Anxieties and fear also drive Another Story Theatre Company’s Awake, which presents monologues from three women unable to sleep over one night in the same town. One addresses God on the eve of her marriage into a religious family, fearing that an event in her past will render her unworthy; the second must come to a decision about the future of her brain-dead husband; and the third suffers night-terrors, imaging herself into the wartime experiences of her Holocaust-surviving grandmother. The past haunts the present, and an imagined future fades into the mist that settles over the sleeping town. With solid performances (from Holly Kibble, Marina Waters and Rose Race) and subtle shifts between the three monologues, the piece is well structured, but it lacks drama, with the story about the grandmother, potentially the most interesting, is the least well developed.

Exeter-based company Substance and Shadow immerse themselves in the 1970s for their show Duplicity, which tells the story of twin brothers Tommy and Finn (both played by Midge Mullin), who grow up in a fairground family, the pair sharing dreams of escaping to London together. But after Finn contracts polio, Tommy runs away on his own to seek fame in the music business, under the cynical guidance of sinister impresario Leonard Silver. The pressure mounts and when Tommy goes missing (following a bizarre lightning-induced bout of amnesia), Leonard concocts a plan to make sure the show goes on.

Thematically packed, the narrative switches between Finn and Tommy (Mullin employing physical traits and a pair of glasses to distinguish between the two) until their stories unite around Leonard Silver’s exploitation of Finn amid much Machiavellian machinations. Incorporating direct address and dramatised episodes, the piece jumps around frenetically and suffers from a lack of focus, the performances dominated in particular by Nathan Simpson’s Silver, who comes perilously close to pantomimic villainy. And while the era and the subculture are the perfect excuse for a great punk soundtrack, there’s little exploration of the period’s socio-political resonances. Substance and Shadow have got a dedicated fanbase and the house was packed, however, which proves that although not to my taste, their work has an appreciative audience.

Imagining a scarily prescient near-future is Exeter-based Jack Dean’s funny, wise and beautifully performed one-man show Threnody for the Sky Children. Fusing poetry and performance, this multimedia lament for our lost souls, for the parts of us that could once soar, explores a forgotten past, a troubling potential present and an apocalyptic possible future.
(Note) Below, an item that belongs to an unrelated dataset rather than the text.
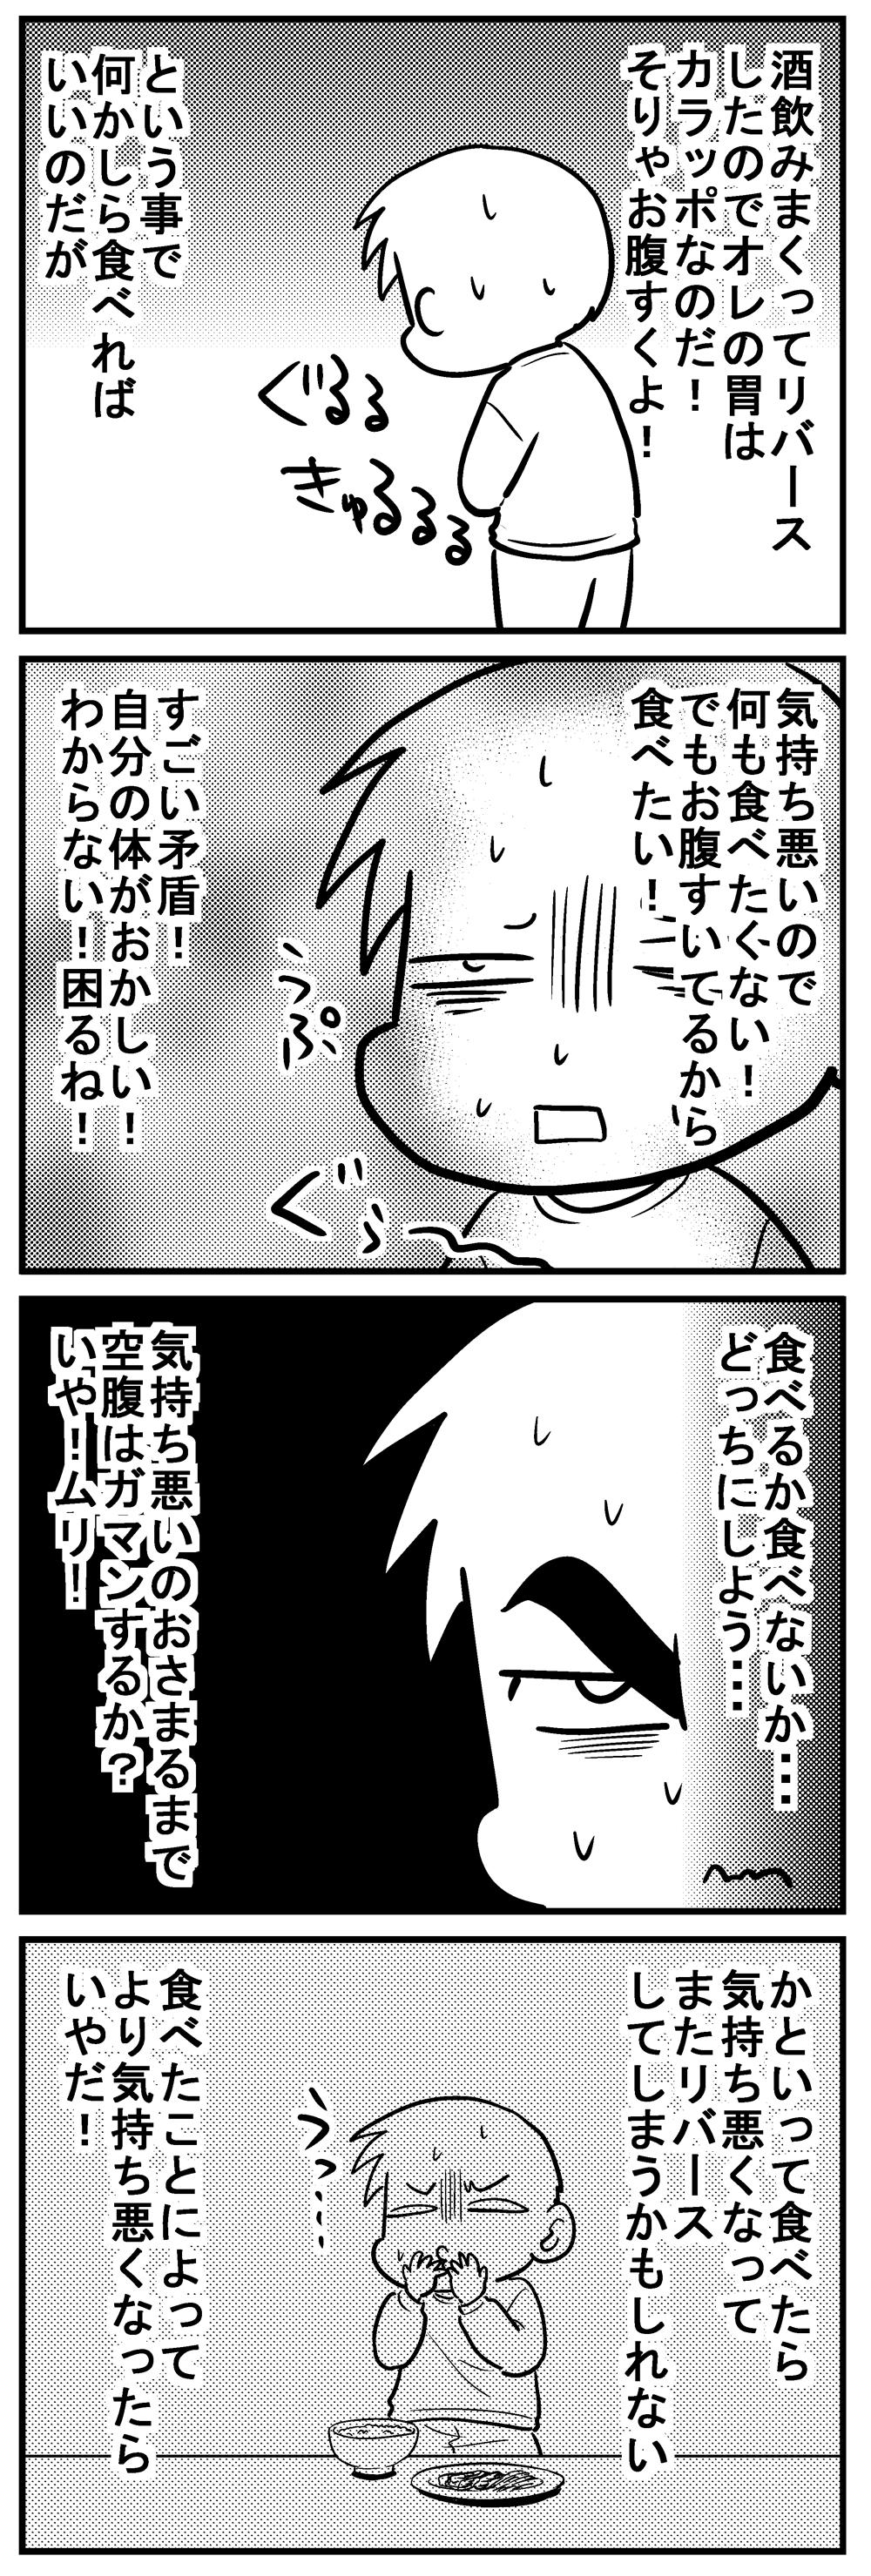 深読みくん133 3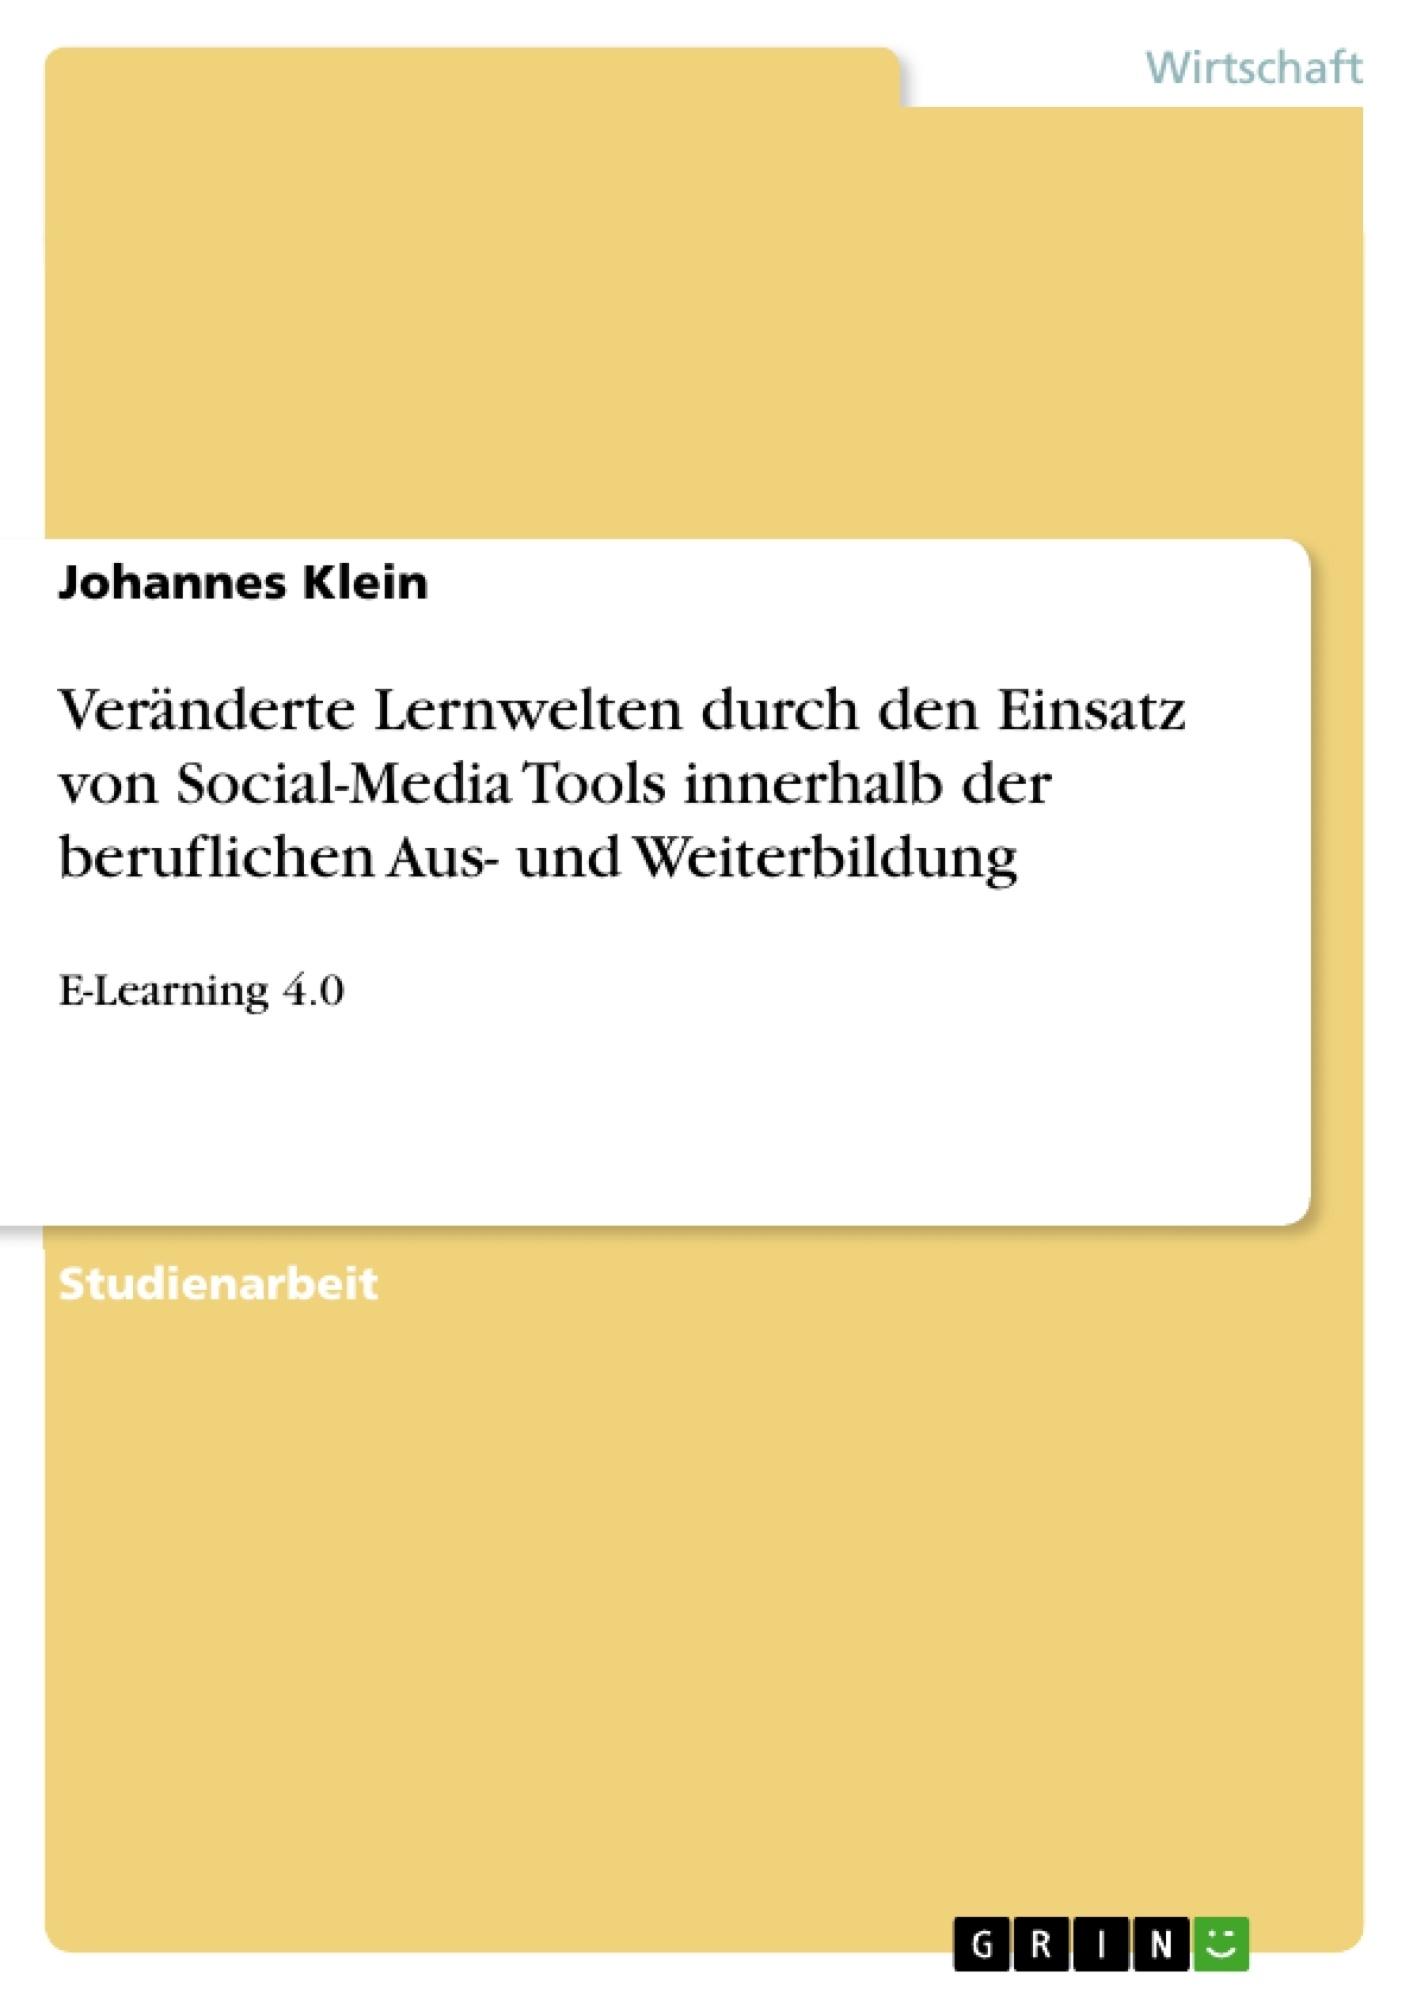 Titel: Veränderte Lernwelten durch den Einsatz von Social-Media Tools innerhalb der beruflichen Aus- und Weiterbildung

Hiding out in his parent’s attic above an everywhere town gradually being desolated by global capitalism and overrun by humans reverting to beasts, James pines for a lost love and tries to make sense of how we forgot our innate connection to the universe.

Jack Dean: Threnody for the Sky Children
The language of emotion and understanding wrangles with political rhetoric and dogma; elements of our disposable culture are analysed and critiqued (including a spot-on impression of Zizek); a representative of the US governing body of the UK (not including the independent Yorkshire Demilitarized Zone) wields words like weapons of mass deception. On the streets below, chaos reigns. Up in the attic, surrounded by his old toys and the appurtenances of a life packed away, James tries to remember the time when he could fly. Enriched by some lovely lighting design from the Bike Shed’s own Sam Hollis-Pack, Threnody for the Sky Children is an accomplished piece of work, and further proof that Dean is a writer and performer of impressive reach. The last piece I saw, it was a lovely reminder of how valuable this festival is to practitioners, to audiences and to the city’s cultural life.